Jiaoliao people

Regions with significant populations
- China (Shandong Peninsula and Liaodong Peninsula)

Languages
- Jiaoliao Chinese as primary, Standard Chinese as secondary)

Religion
- Chinese folk religion, Taoism, Buddhism, Christianity, Atheism

= Jiaoliao people =

Jiaoliao people (胶辽民系 (Jiāoliáorén)), also referred to as the Jiaoliao Han people (胶辽汉人 (Jiāoliáo Hànrén)), are a Han Chinese ethnolinguistic group primarily inhabiting the Jiaodong Peninsula in Shandong Province and Liaodong Peninsula in Liaoning Province. They are distinguished by their use of Jiaoliao Mandarin, with unique phonological features.
The Jiaoliao people emerged as a distinct regional group through centuries of cultural exchange across the Bohai Sea when maritime trade and population movement intensified between Shandong and Liaoning regions. This led to a blending of customs and dialects, forming a coherent regional identity.

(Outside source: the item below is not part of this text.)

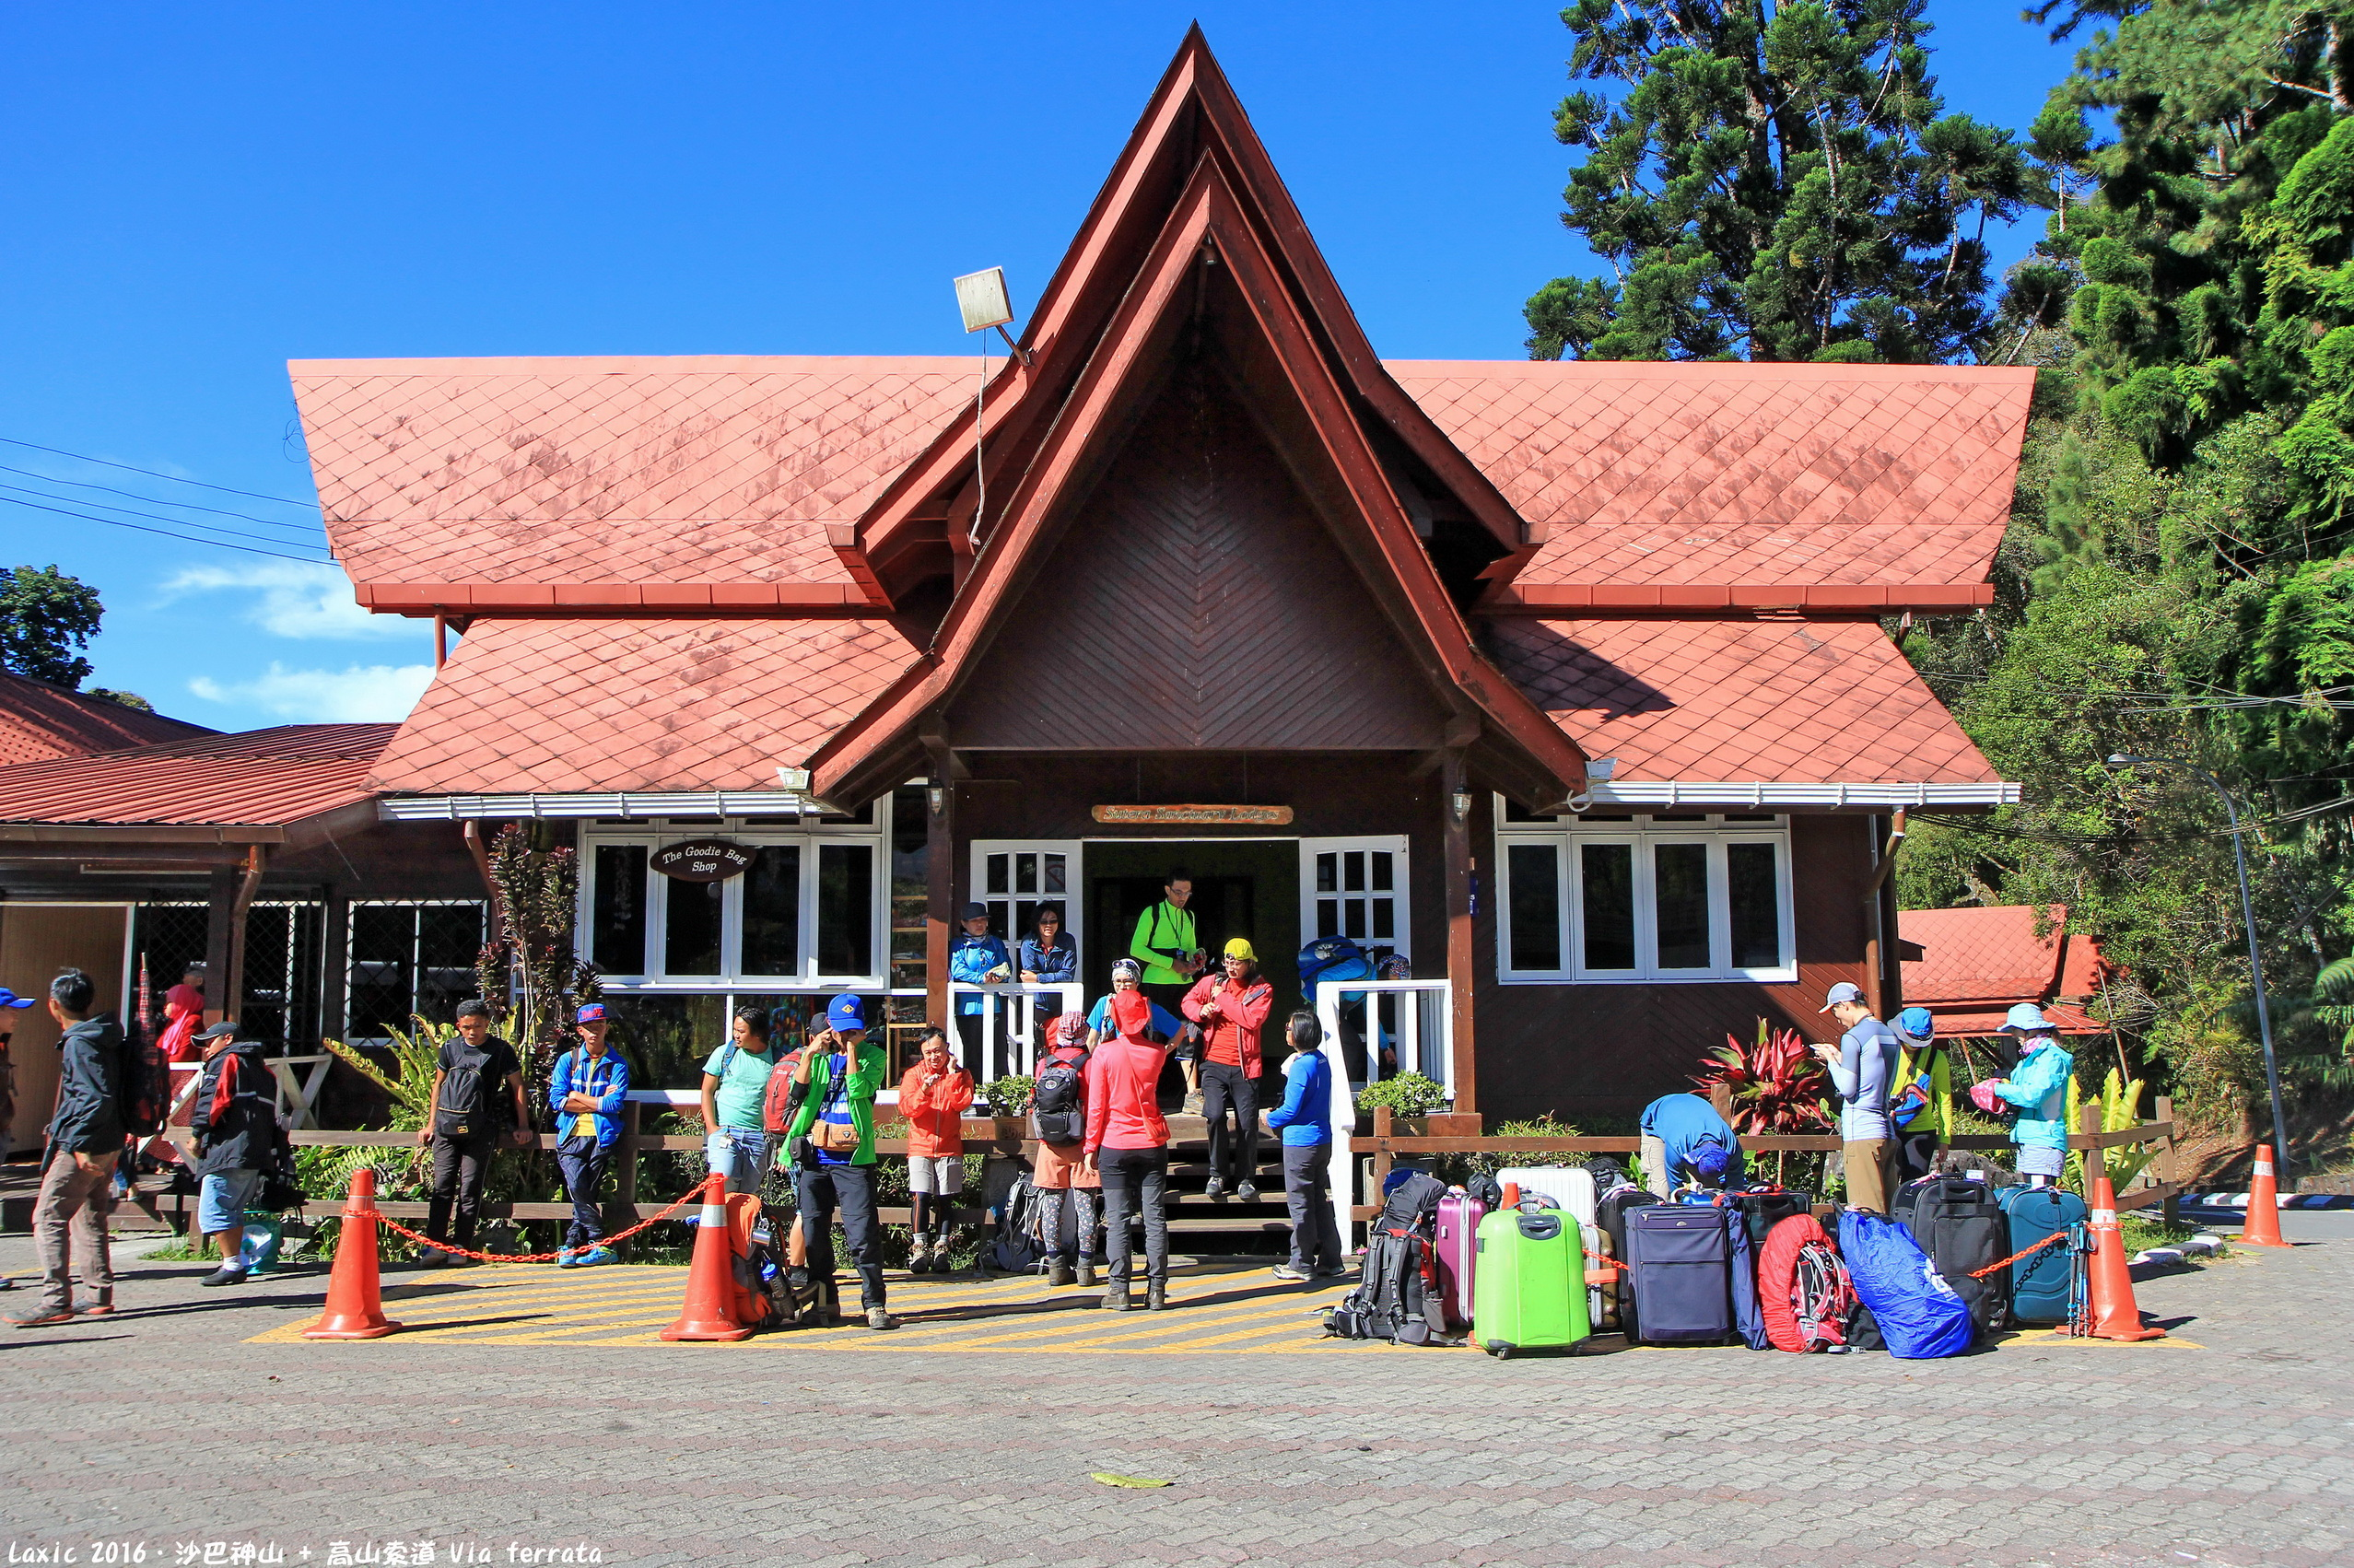 Laxic 2016.馬來西亞沙巴神山 + 高山索道 Via ferrata (Mountain Torq)

Jiaoliao people moved to China's Liaodong peninsula. Despite regional variation, they share strong culinary traditions, sea-based livelihoods, and linguistic characteristics centered around Jiaoliao Mandarin.

The Jiaoliao identity is less commonly recognized than other Han subgroups, but remains notable in linguistic, historical, and cultural scholarship on northern coastal China.